■ Material provided ■
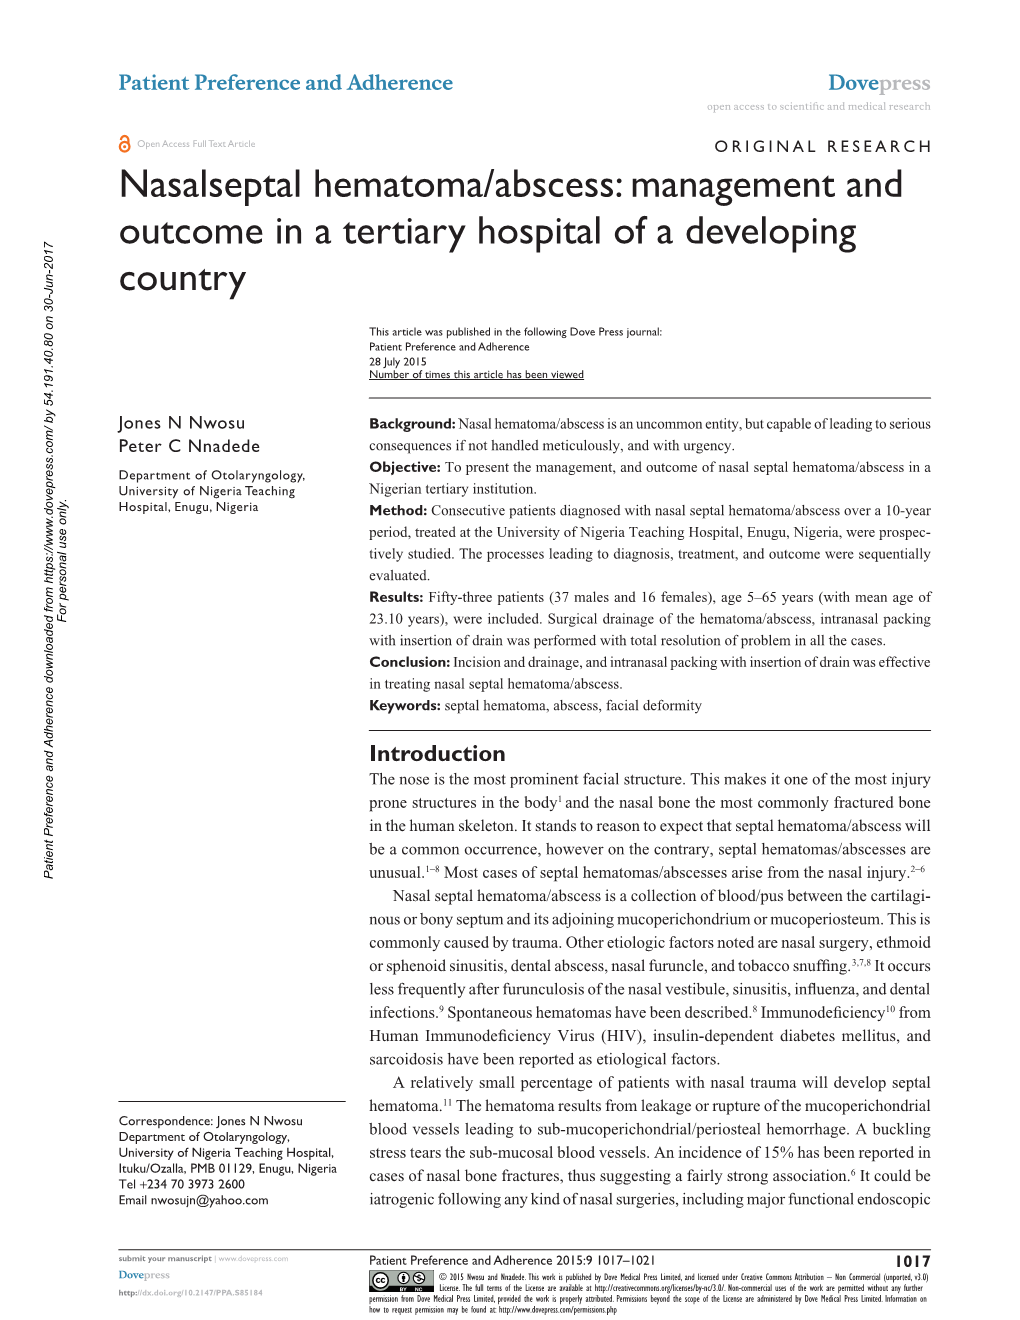 Nasalseptal Hematoma/Abscess: Management and Outcome in a Tertiary Hospital of a Developing Country
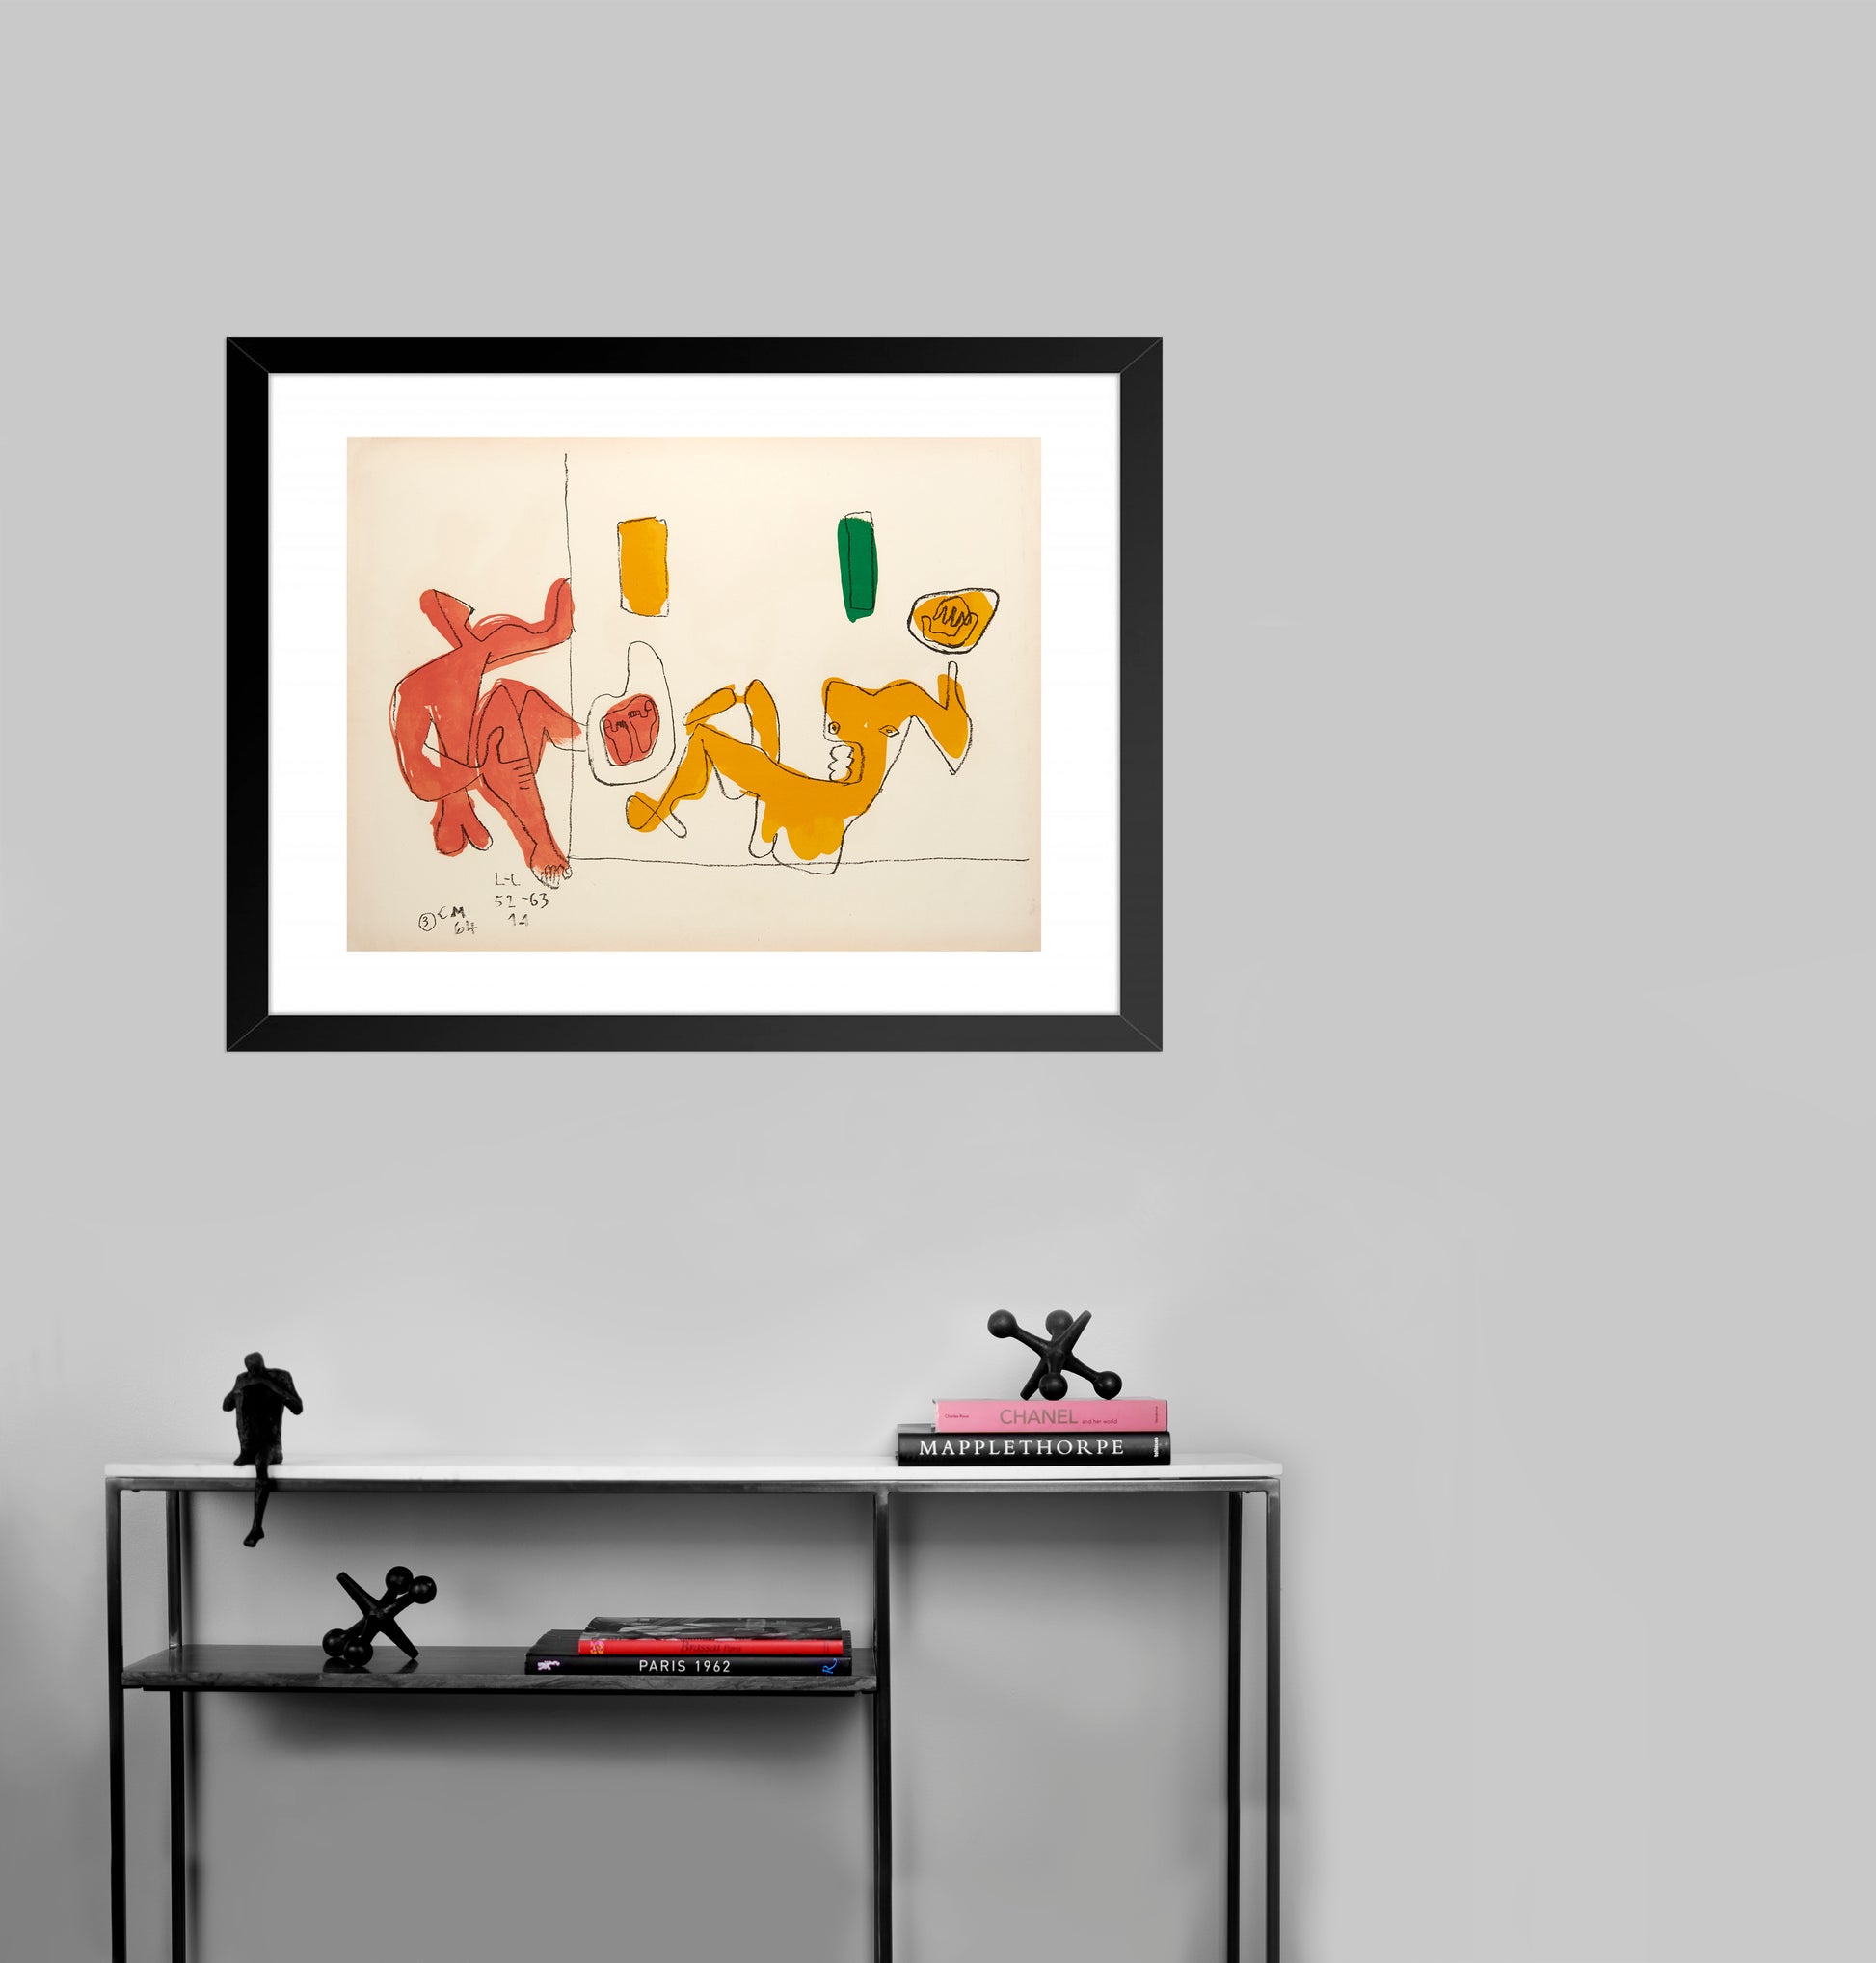 Touching their Feet by Le Corbusier - Mourlot Editions - Fine_Art - Poster - Lithograph - Wall Art - Vintage - Prints - Original
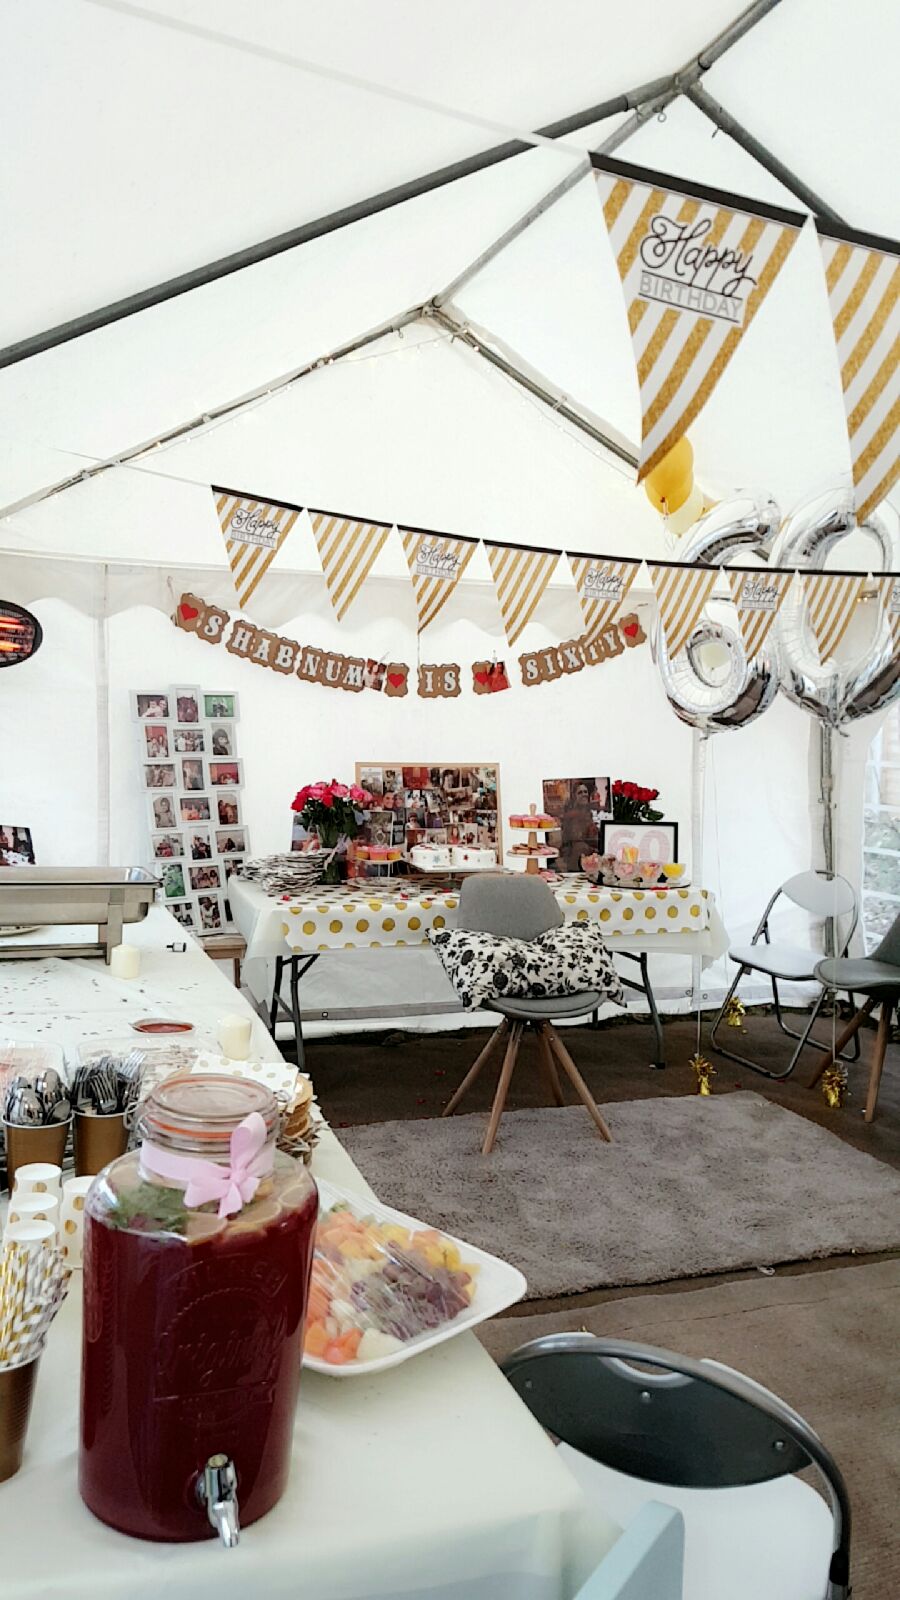 birthday party marquee hire

■ To do ■
The whole of the data above needs retyping exactly, with pictures omitted.

■ Result of this exercise ■
 Nasalseptal Hematoma/Abscess: Management and Outcome in a Tertiary Hospital of a Developing Country
 Touching their Feet by Le Corbusier - Mourlot Editions - Fine_Art - Poster - Lithograph - Wall Art - Vintage - Prints - Original
 birthday party marquee hire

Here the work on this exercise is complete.